Gut gesungen hat das Mädchen gestern in Berlin ... aber tanzen kann sie immer noch nicht.
(and so on)


----------



## elroy

How about 

_Gestern in Berlin hat das Mädchen gut gesungen. _

?


----------



## bearded

elroy said:


> How about
> _Gestern in Berlin hat das Mädchen gut gesungen. _
> ?


Ich denke, dass die Wortstellung hier nicht stimmt. Zwei verschiedene Ergänzungen (hier einmal Zeit, einmal Ort) dürfen nicht am Anfang eines Satzes stehen.
Man kann auch nicht sagen:_ Gestern mit meiner Schwester bin ich spazieren gegangen_ oder_ gestern in der Stadt gab es ein Gedränge..._
Vgl. auch canoonet: ''In der Regel steht immer nur ein Satzglied im Vorfeld''.  canoonet - Wortstellung


----------



## Alan Evangelista

Frieder said:


> Normally we would use two sentences to address the location and the quality of her performance.



I didn't know that. Anyway, I would like to focus on my original sentence for now.



Alan Evangelista said:


> Das Mädchen hat gestern in Berlin gut gesungen.





Frieder said:


> You have to keep _gut _and _singen _together as a unit. (....)
> This sounds a bit better but still somewhat quirky.



That is what I thought.

When I started learning German, I read about this time-manner-place usual ordering of adverbials in a sentence. However, "gut" is a manner adverb and is usually positioned in the end of the sentence (together with the end verb bracket). Why?

I looked at canoonet - Word order: Mittelfeld for help, but I could not figure it by myself.
I thought that "gut" might be a predicative, which comes in the end of the sentence, but it is not one here, as far as I can tell (they need to be connected to copula verbs such as sein, werden or bleiben).

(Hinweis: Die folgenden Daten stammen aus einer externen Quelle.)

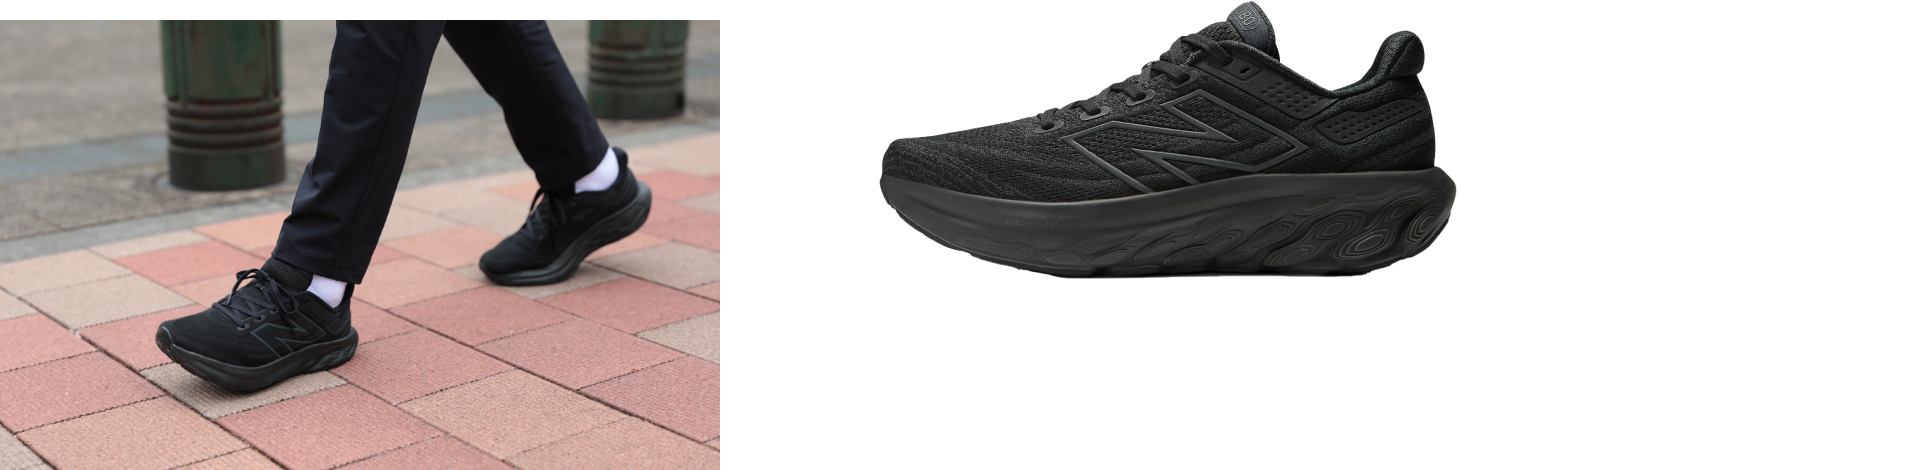 Fresh Foam X 1080v13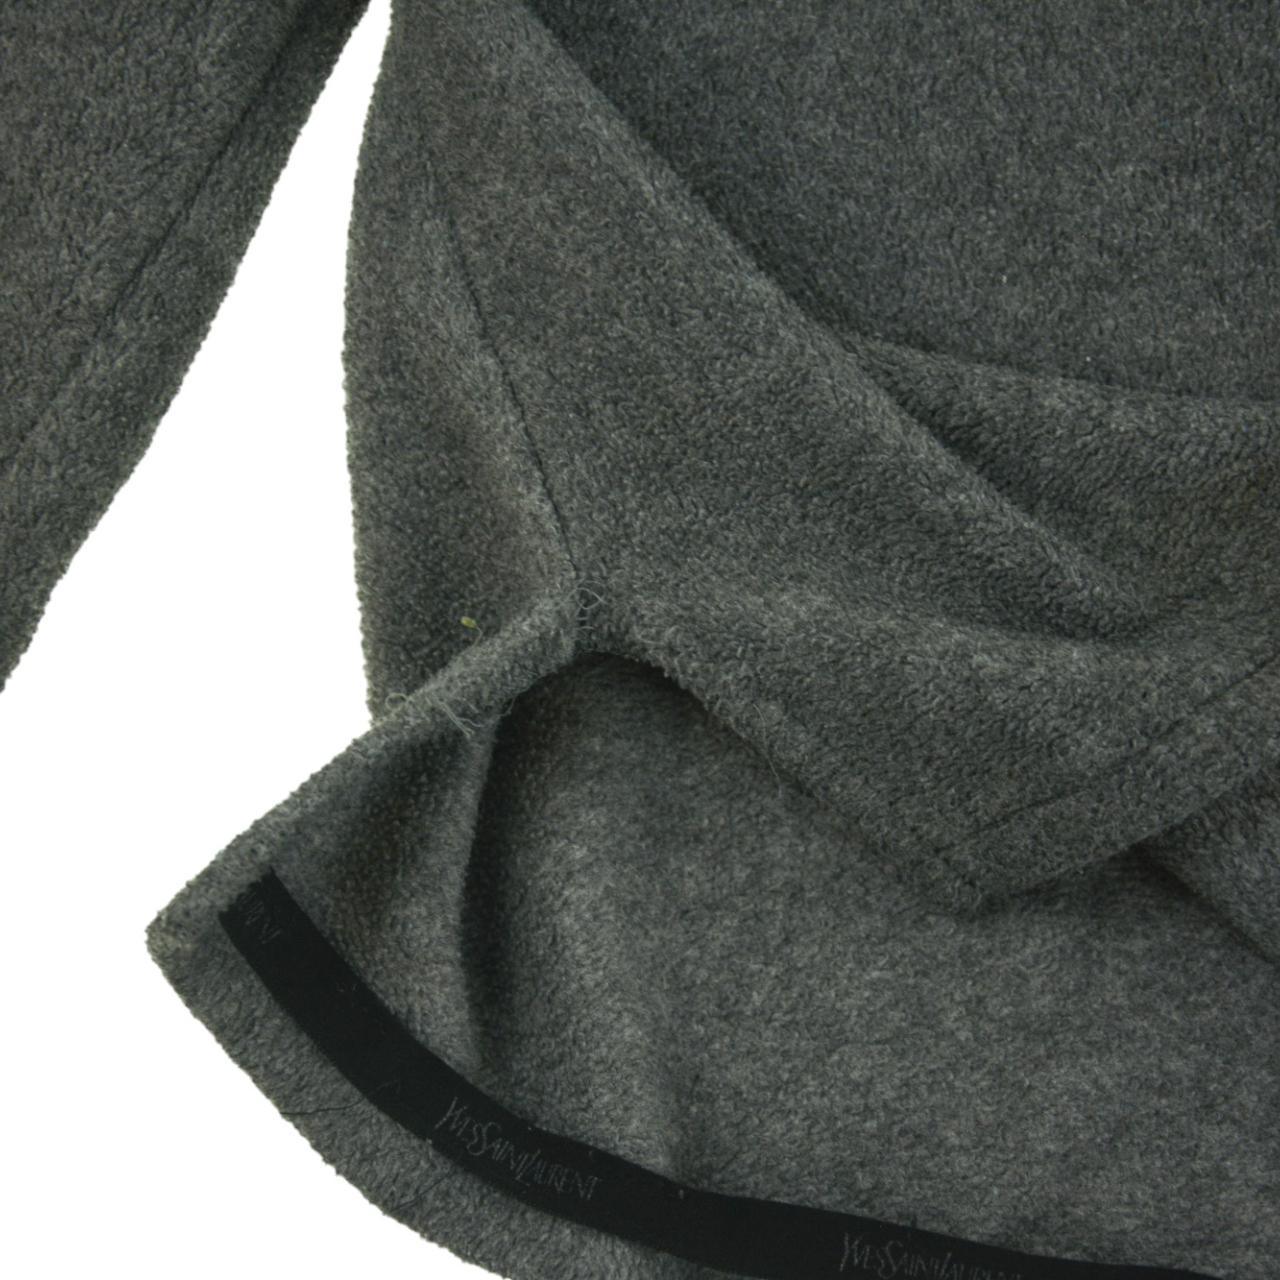 Vintage YSL Yves Saint Laurent Q Zip Fleece Size L - Known Source

To make it clear, I am aware that German only has strict rules about word ordering in sentences regarding verb position. All the other "rules" are in fact only descriptions of the *usual* word ordering and could be ignored for emphasis at will (btw it is a pity that some learning materials do not make this clear).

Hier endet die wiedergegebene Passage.